The writers struggle with the characters, who take a backseat to the plot. Will begins as a self-absorbed businessman with no interest in his family. They half-heartedly try to show how, through meeting Lucia and becoming involved in the craziness of this story, he realizes the importance of family, but this arc doesn’t shine through at all. Strengthening it would make both Will and Lucia a bit more compelling. However, this problem is overshadowed by the brilliant conceit of having the lead male and female end up as half-siblings, to avoid the usual extraneous romantic subplot that has become such a frustrating cliché in action movies. They also do a great job of showing Will’s frustration and disorientation as he’s thrust into the world of espionage without a clue what’s happening — it’s a Bourne Identity-style twist executed in a more relatable “regular Joe turned accidental hero” way, not unlike North by Northwest.
The taut and complex plot allows for a satisfying and unambiguous resolution. Far-fetched but not implausible, the writers do a great job of revealing pieces of the story at just the right moment. The only real problem here is Carlos, who spews backstory like nobody’s business. I’m sure there’s a more interesting way for Will and Lucia to find out all that information without having someone sit them down and explain it to them, in detail. Of course, there are the usual action-movie logical fallacies (e.g., Will goes from a novice to a guy who can fire two to the chest from a distance, in the dark, through a car window), but they aren’t as numerous or ridiculous as they could be.
It’s a very solid effort with a few minor problems.

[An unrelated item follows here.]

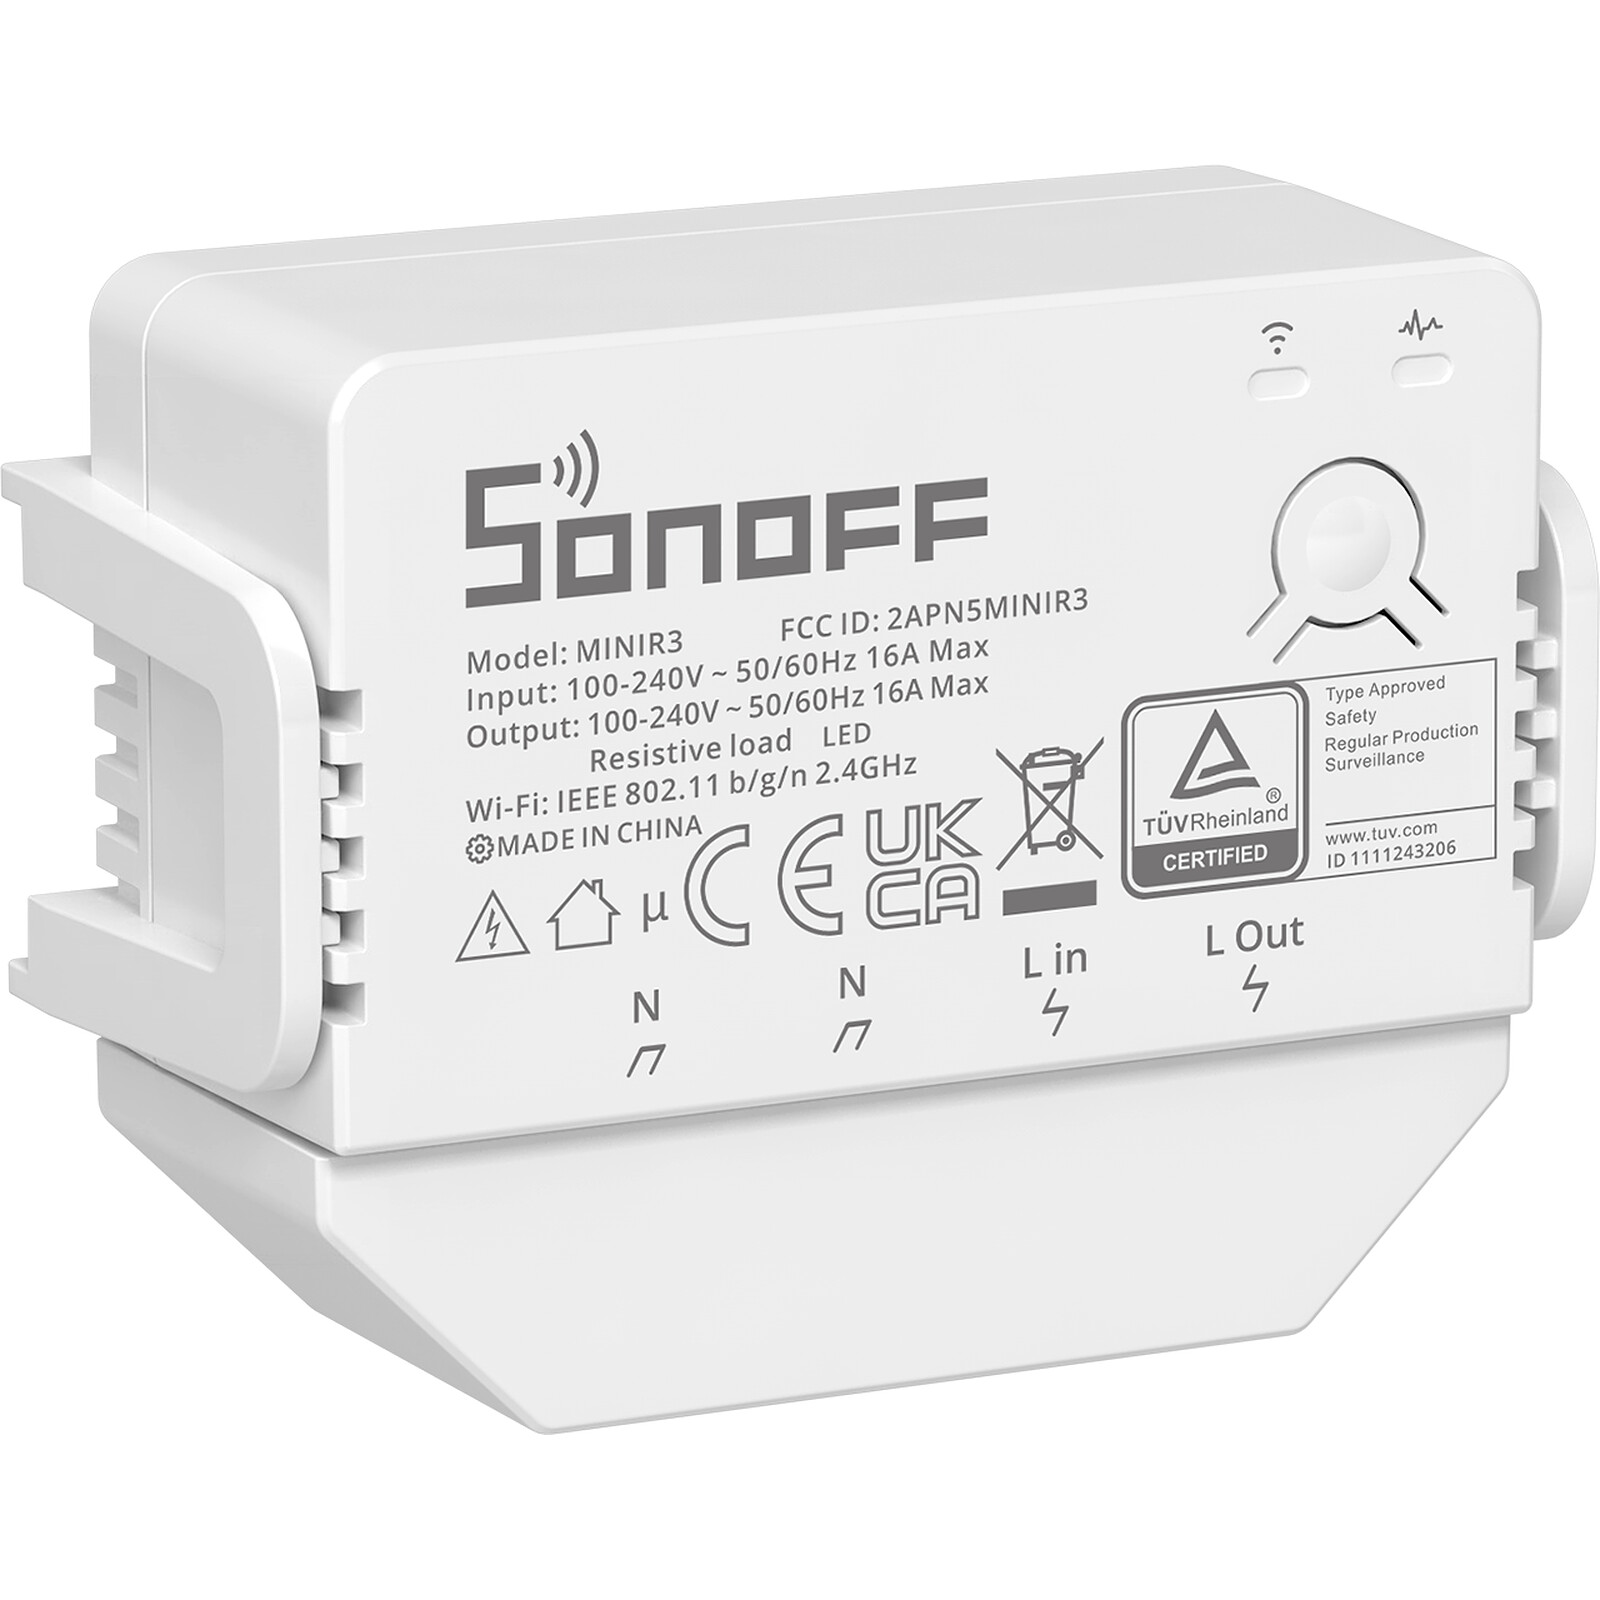 Sonoff - Ruban LED connecté Wifi - Lampe connectée - LDLC

A story like this will definitely bring in the action fans. Since it lacks an unnecessary (and often unbelievable) romantic subplot, women dragged to the movie by their boyfriends might actually appreciate the sibling relationship presented as a refreshing change of pace. Its “ordinary man in extraordinary circumstances” storyline and the espionage plot might also appeal to audiences who like their movies to have a little more than mindless action.